Early on in Mel Magazine’s look at the comically doomed production of the 1999 Will Smith/Kevin Kline vehicle Wild Wild West, writer Ralph Jones makes one absolutely correct assertion, and it’s one that will not surprise you: The tie-in title track was, without question, the best part of that movie.
We’re including the video here because it is the best possible soundtrack for “The Inside Story Of How Wild Wild West Spun Out Of Control,” a wild, wild piece of writing full of little quotes and tidbits that are just perfect. Perfect. Wonderful, perfect sentences you never knew you needed to read, perfect little pieces of a thoroughly entertaining whole. Perhaps at this point, you might think we’ve used the word ‘perfect’ too many times, but read this brief excerpt and see if you feel the same way. To set the scene, screenwriters Brent Maddock and Steven Wilson—two of the six writers credited on the film—are meeting with Jon Peters, who produced Wild Wild West alongside director Barry Sonnenfeld:
When he explained there would be a scene in which Jim West rides on horseback through the night in order to meet the president, Peters stopped him. “Horse?” he said. “Horses are boring.”

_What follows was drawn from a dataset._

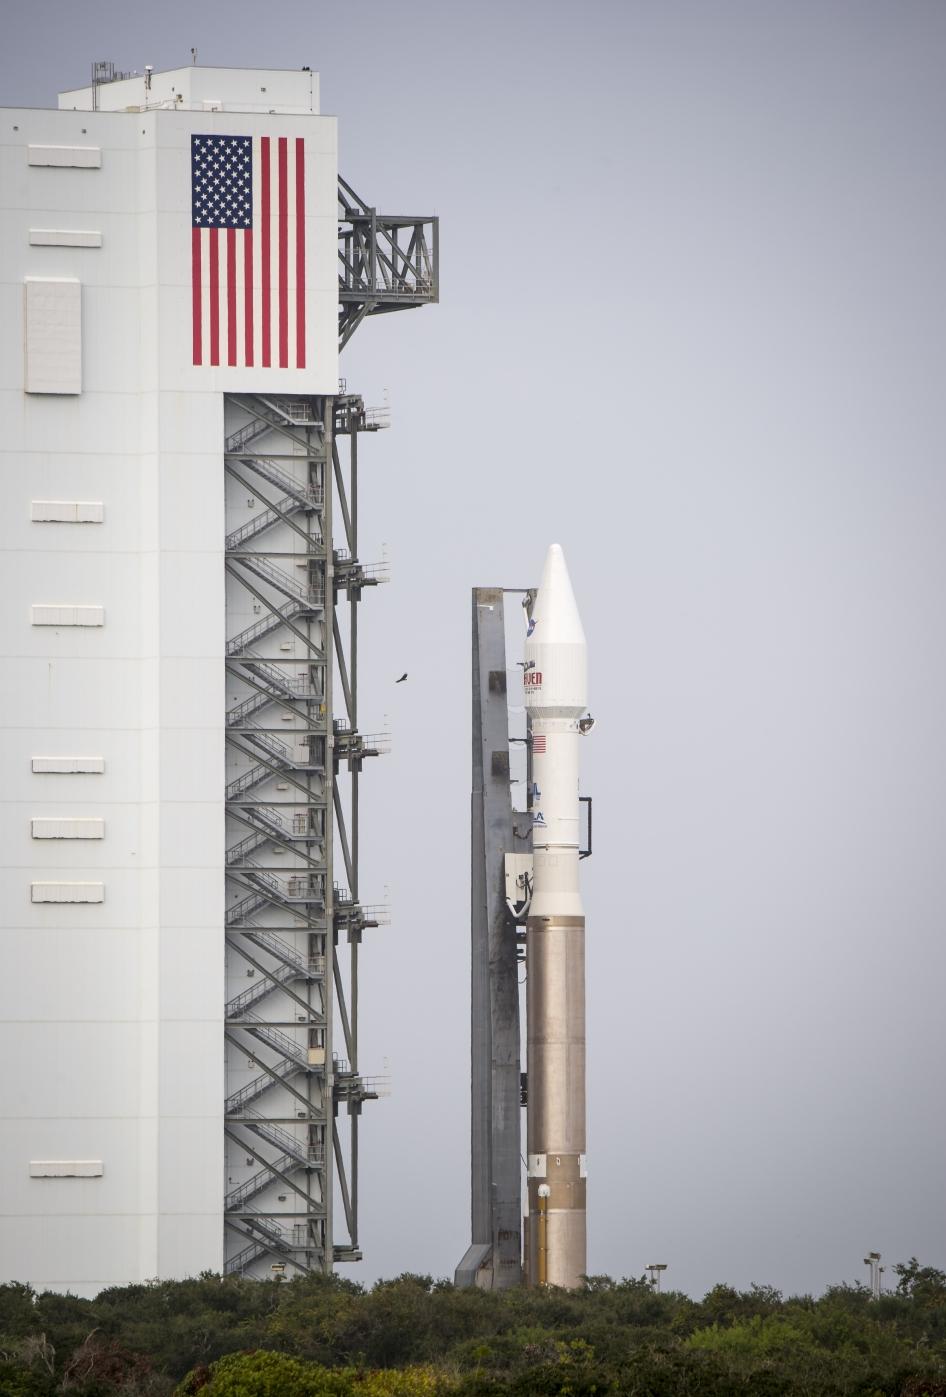 MAVEN at launch pad. Credit: NASA/Bill Ingalls

There was a long pause. Maddock said, “Well, we’re setting this in 1868; this is a Western.” Peters said, “You know what’s cool? Motorcycles.” Maddock told him there weren’t any motorcycles in 1868. “Yeah, you could have motorcycles,” Peters responded.

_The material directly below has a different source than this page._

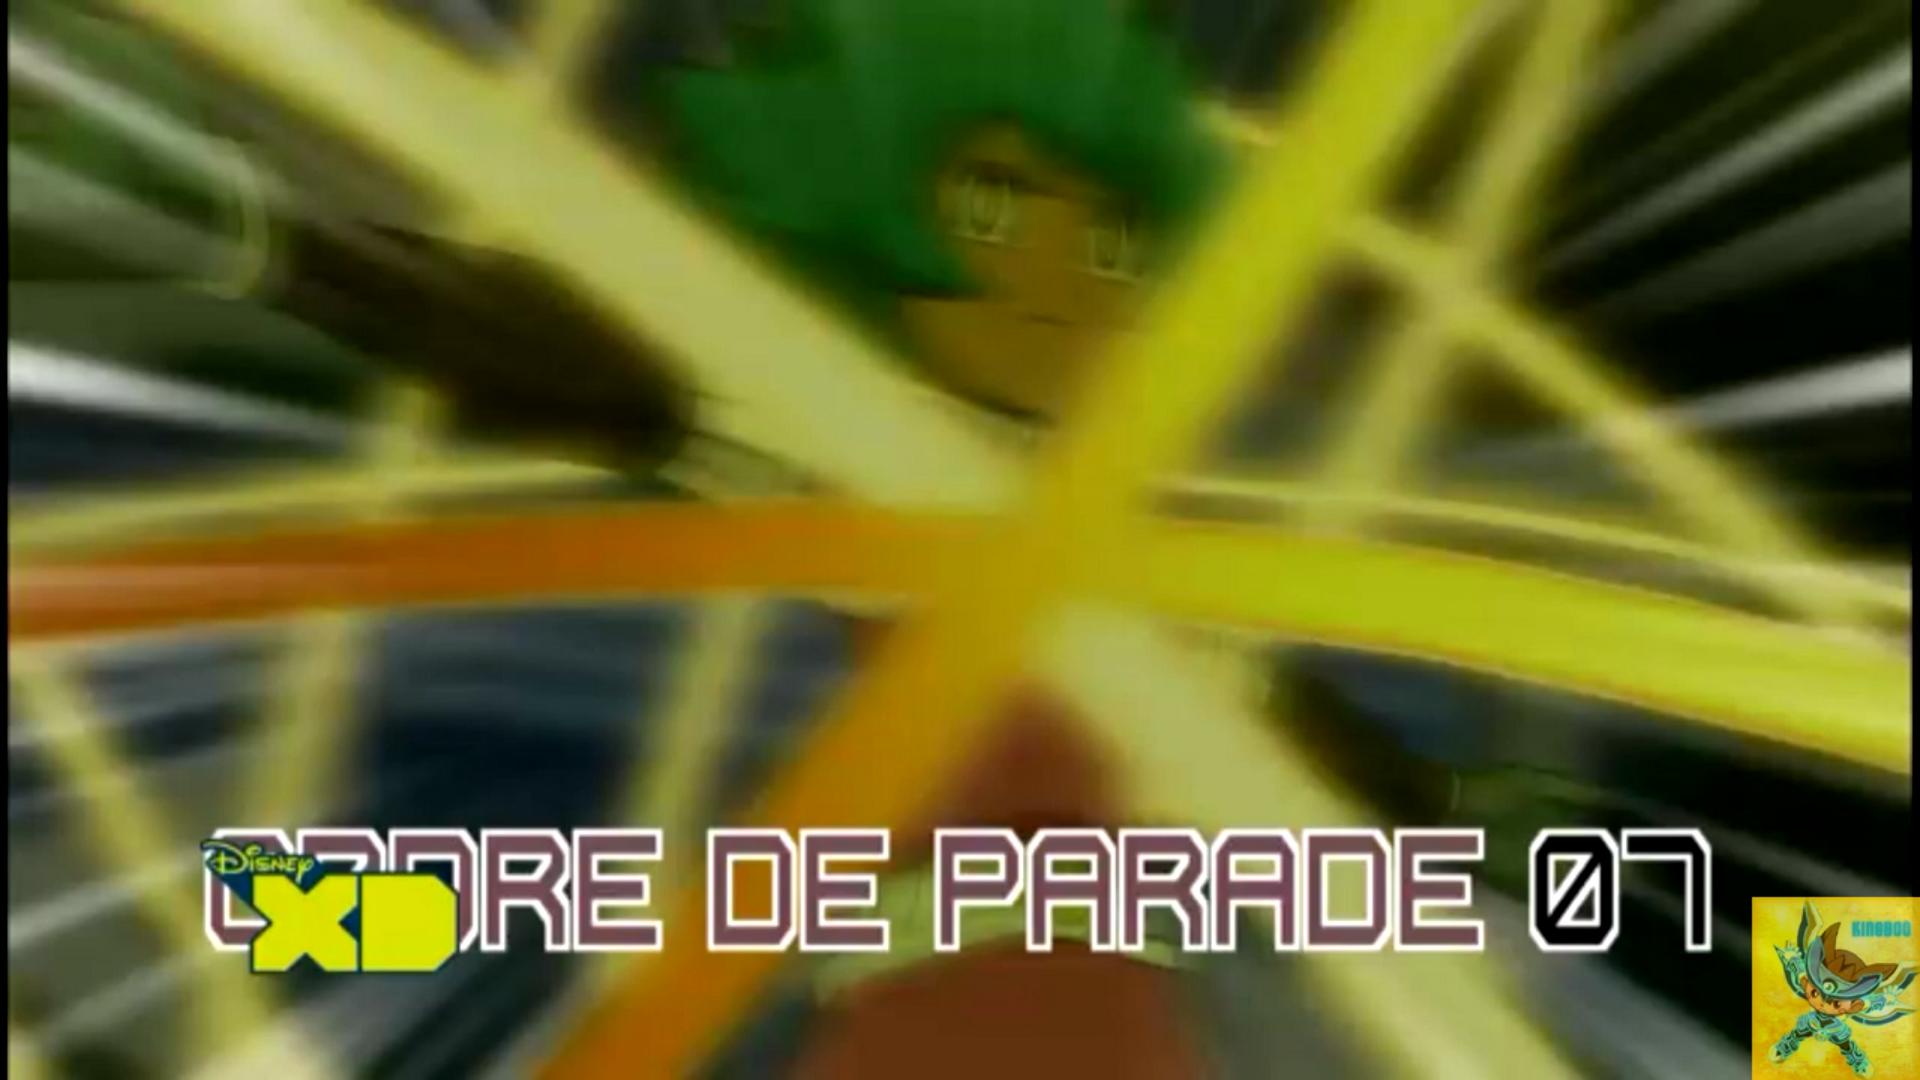 Gyro-Parade

At one point, Peters said to Maddock, “You see the pool there? I was in the middle of that pool one day and swimming up behind me comes Steven Seagal. He gets me in a headlock. And you know, he’s such a pussy…” Peters then proceeded to claim that he asked Seagal, “Wanna take me down? Wanna take me down?,” got out of the pool and had a martial arts battle with him, which Peters won. “All of the four, five young men executives who worked for Jon Peters are sitting around,” says Maddock, “and the only thing I’m thinking is, How are these guys keeping a straight face?”
Yeah, you could have motorcycles.
Jones’ story paints the production of Wild Wild West as an affair doomed by competing egos, far too many cooks, poor communication, and an unwillingness of the part of several of the more up-and-coming artists to say, “hey, that sounds really stupid” to the powerful producers with whom they were working. It does not, however, make it seem like it was ever boring. Assless pajamas! The story of how the Will Smith bellydancing scene made it into the movie! Kenneth Branagh showing up to the table read with a very enthusiastic southern accent locked and loaded, which led an executive to suggest that Sonnenfeld should “fire Branagh and cast whoever this guy was”! Sonnenfeld pissing Kevin Kline off by talking about all the plays Branagh had done!
It’s well worth your time. The movie, however, is not.